Edit : Output of dput(mydf)
structure(list(V1 = c(666L, 447L, 6665L), V2 = structure(c(2L,
3L, 1L), .Label = c("Best Control", "Bro Pest Control", "Dist Tire Ctr Inc"
), class = "factor"), V3 = structure(c(2L, 1L, 3L), .Label = c("cat|automotive sales & services|automotive repair",
"cat|home & garden|pest control", "geo|la|abbe la area"), class = "factor"),
V4 = structure(c(2L, 2L, 1L), .Label = c("home & garden|pest control",
"kw|entry"), class = "factor"), V5 = structure(c(2L, 3L,
1L), .Label = c("Br Pest Control", "Bro Pest Control", "DisTire Ctr Inc"
), class = "factor"), V6 = structure(1:3, .Label = c("http://www.ci.com/profile/66/ab /brrd_pest_control.html",
"http://www.cit.com/profile/44/abbeville_la/discoutire_ctr_inc.html",
"http://www.cit.com/profile/66/abbee_la/broud_pest_control.html"

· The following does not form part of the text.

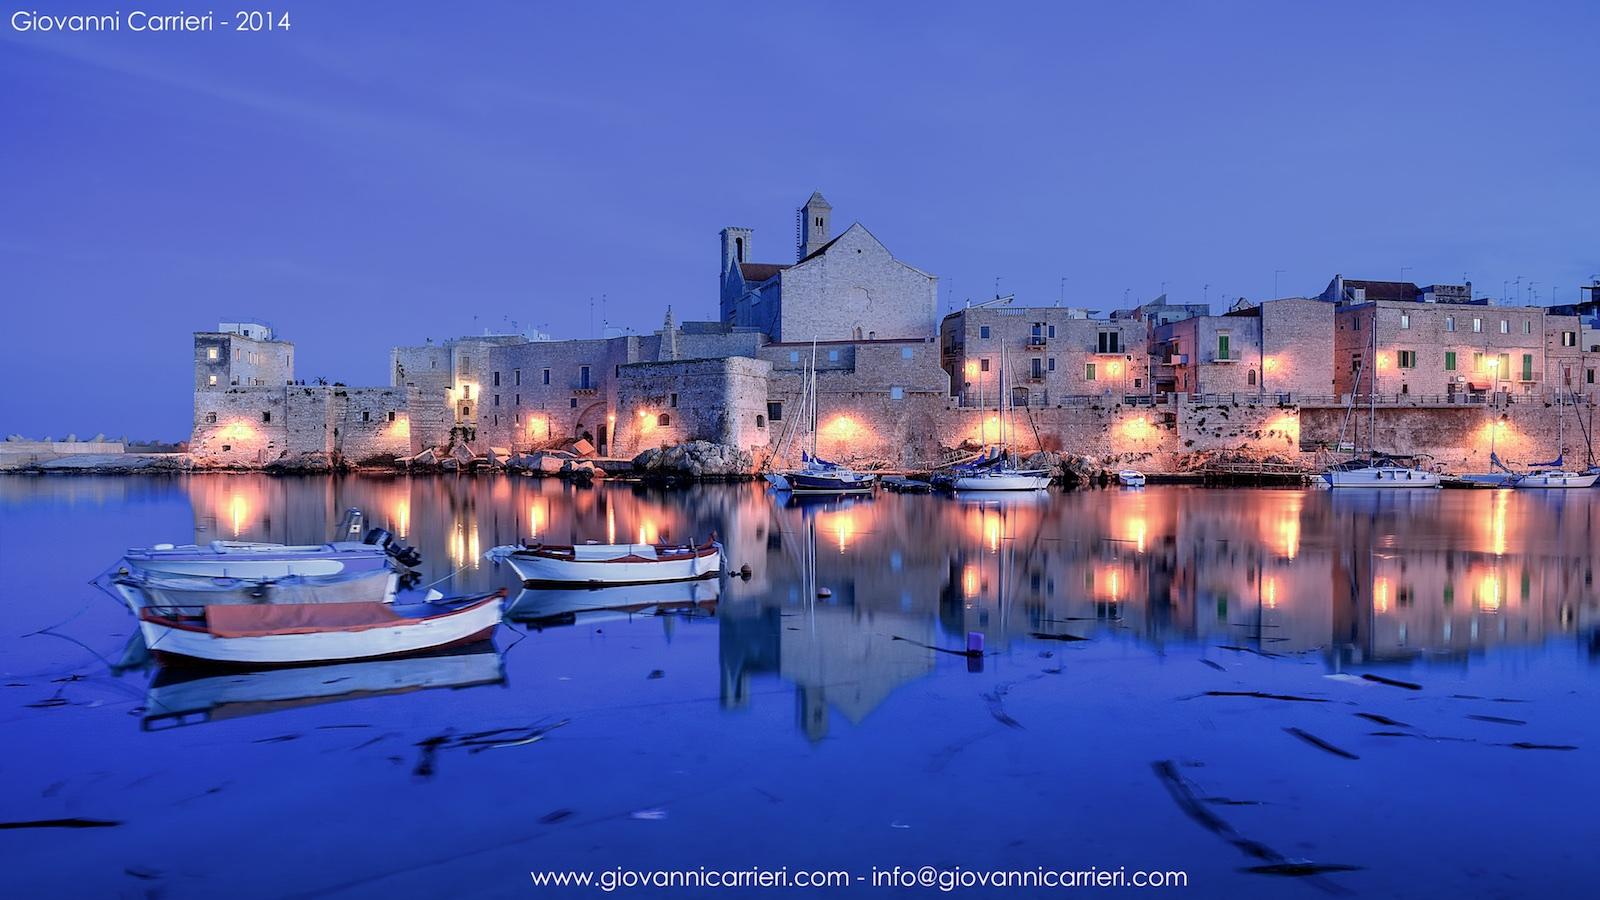 l'imbrunire sul porto di Giovinazzo

), class = "factor"), V7 = structure(c(2L, 1L, 2L), .Label = c("Autepair",
"Pest Control"), class = "factor"), V8 = c(NA, NA, NA), V9 = structure(c(1L,
1L, 1L), .Label = "NO", class = "factor"), V10 = structure(c(1L,
1L, 1L), .Label = "NO", class = "factor"), V11 = structure(c(3L,
2L, 1L), .Label = c("A,Louisiana,United States", "Abblle,Louana,United States",
"Ablle,Louna,United States"), class = "factor"), V12 = c(NA,
NA, NA), V13 = c(NA, NA, NA), V14 = c(NA, NA, NA), V15 = c(NA,
NA, NA), V16 = c(NA, NA, NA), V17 = c(NA, NA, NA), V18 = c(NA,
NA, NA), V19 = c(NA, NA, NA), V20 = c(NA, NA, NA)), .Names = c("V1",
"V2", "V3", "V4", "V5", "V6", "V7", "V8", "V9", "V10", "V11",
"V12", "V13", "V14", "V15", "V16", "V17", "V18", "V19", "V20"

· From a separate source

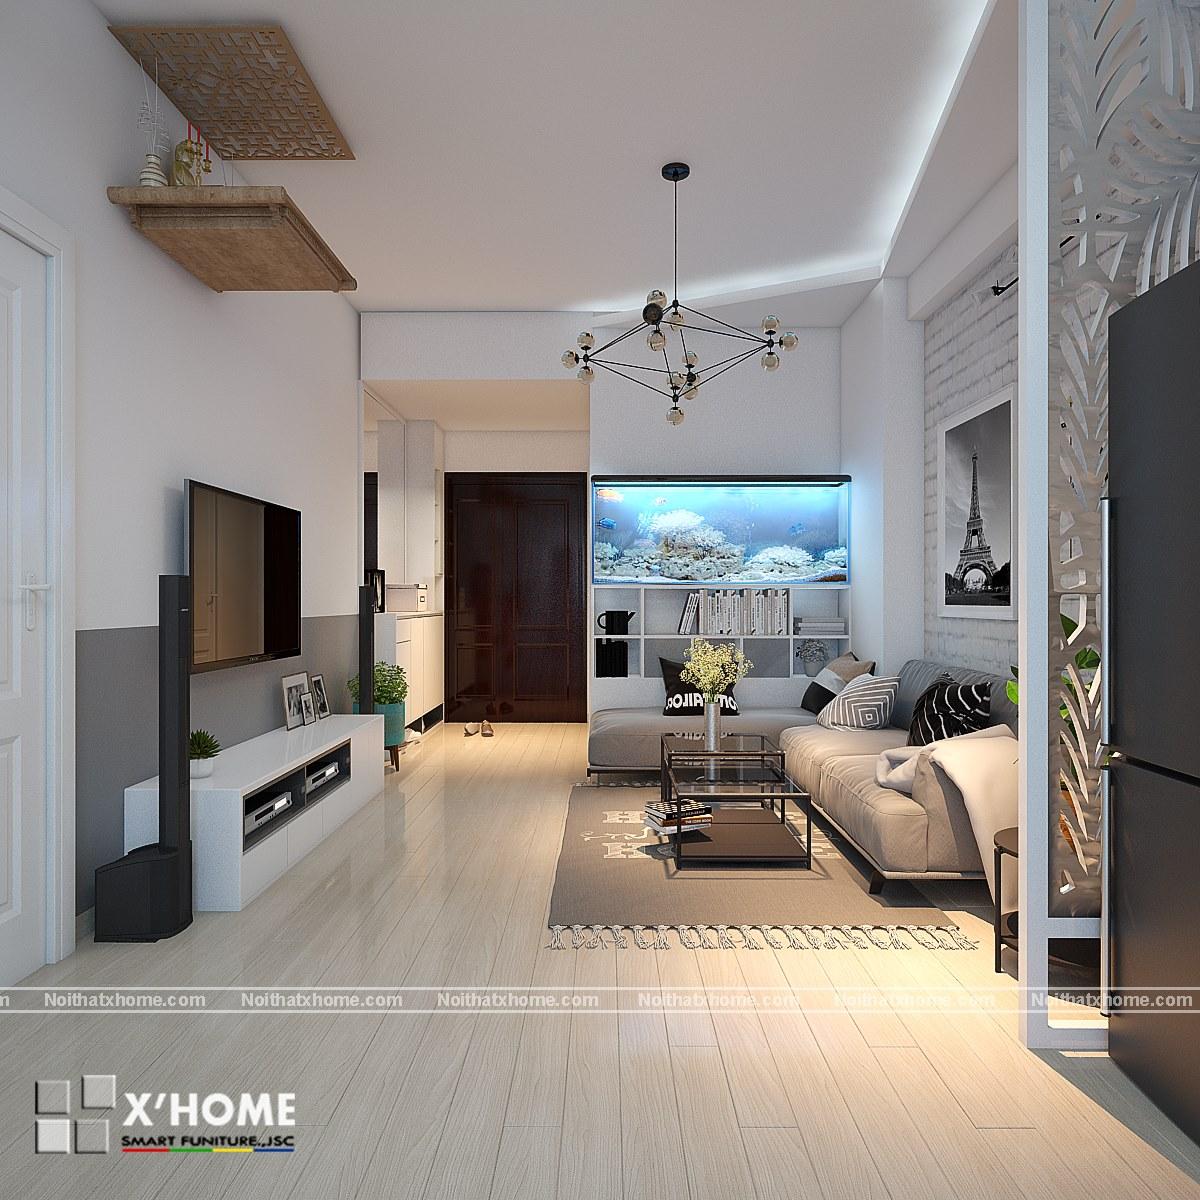 Thiết kế nội thất đẹp cho căn phòng diện tích nhỏ

), class = "data.frame", row.names = c(NA, -3L))
Error
Error in setNames(mydf[, sapply(mydf, function(x) all(!is.na(x)))], names(n)) :
'names' attribute [20] must be the same length as the vector [10]
Upvotes: 1
Views: 127
Reputation: 263481
Use colClasses="NULL"
for the columns you want to drop ... the last nine in this case, so rep("NULL",9)

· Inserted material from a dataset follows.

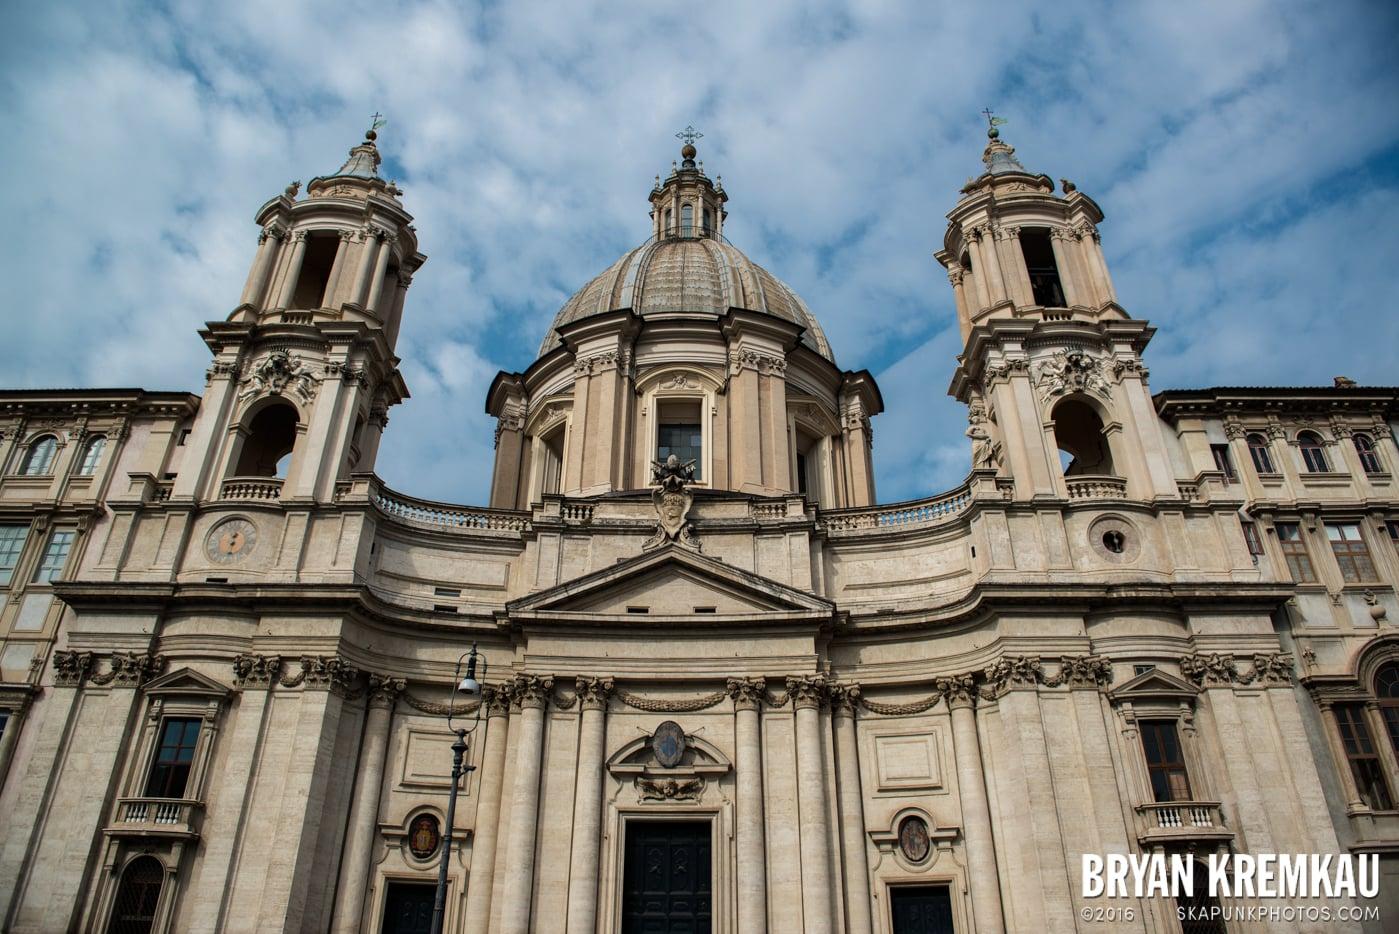 Italy Vacation - Day 1: Rome - 9.9.13 (86)

tx <- 'Identity,AdvertiserName,CampaignName,AdGroupName,Keyword,DestURL,KeystoneKW,,CampaignDuplicate,AdGroupDuplicate,CampaignLocation,,,,,,,,,
666,Broud Pest Control,cat|home & garden|pest control,kw|entry,Bssad Pest Control,http://www.cit.com/profile/666/abbeville_la/brrd_pest_control.html,Pest Control,,NO,NO,"Abbe,Louiana,United States",,,,,,,,,
44,DiscTire Ctr Inc,cat|automotive sales & services|automotive repair,kw|entry,Discount Tire Ctr Inc,http://www.cit.com/profile/44/ab/discouctr_inc.html,Automotive Repair,,NO,NO,"Abbe,Loua,United States",,,,,,,,,'
df <- read.table(text=tx, sep=",",
colClasses=c("numeric", rep("character",10), rep("NULL",9)),
header=TRUE)
> str(df)
'data.frame': 2 obs. of 11 variables:
$ Identity : num 666 44
$ AdvertiserName : chr "Broud Pest Control" "DiscTire Ctr Inc"
$ CampaignName : chr "cat|home & garden|pest control" "cat|automotive sales & services|automotive repair"
$ AdGroupName : chr "kw|entry" "kw|entry"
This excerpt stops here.